- Born: 1925
- Died: 23 June 2014 (aged 89) Chennai, Tamil Nadu, India
- Occupation: film director
- Children: 3

= I. N. Murthy =

Indian film director

I. N. Murthy was an Indian film director, known for his spy thrillers, featuring actor Jaishankar in the 1970s.

==Film career==
Murthy came to Chennai in the early 1950s and worked with directors like Soundararajan Ayyangar, V. Nagayya and T. R. Ramanna.
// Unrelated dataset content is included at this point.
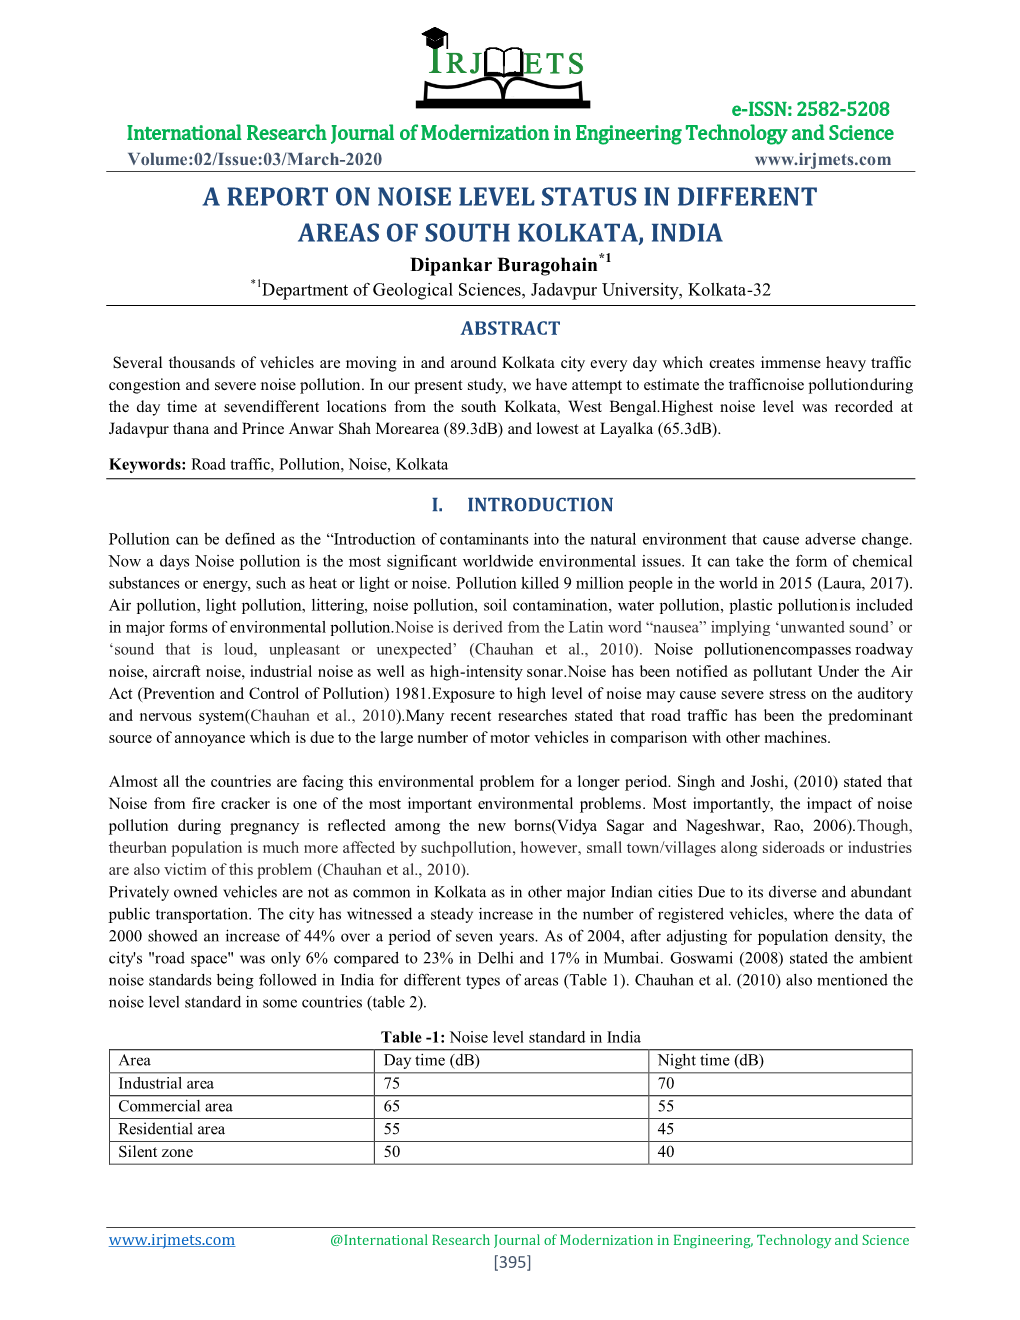 A Report on Noise Level Status in Different Areas Of

He collaborated with N. T. Rama Rao as the executive director of ‘Seetarama Kalyanam’, an award-winning feature. He introduced stars such as Srividya, Murali Mohan and Giri Babu.

==Partial filmography==

| Year | Film | Language | Notes |
|---|---|---|---|
| 1964 | Sabhash Suri | Telugu |  |
| 1968 | Sukha Dukhalu | Telugu |  |
| 1969 | Atthai Magal | Tamil |  |
| 1969 | Jagath Kiladeelu | Telugu |  |
| 1970 | Kannan Varuvan | Tamil |  |
| 1972 | Kadhalikka Vanga | Tamil |  |
| 1972 | Delhi To Madras | Tamil |  |
| 1972 | Varaverpu | Tamil |  |
| 1973 | Jagame Maya | Telugu |  |

==Personal life==
Murthy had three sons. He died on 23 June 2014.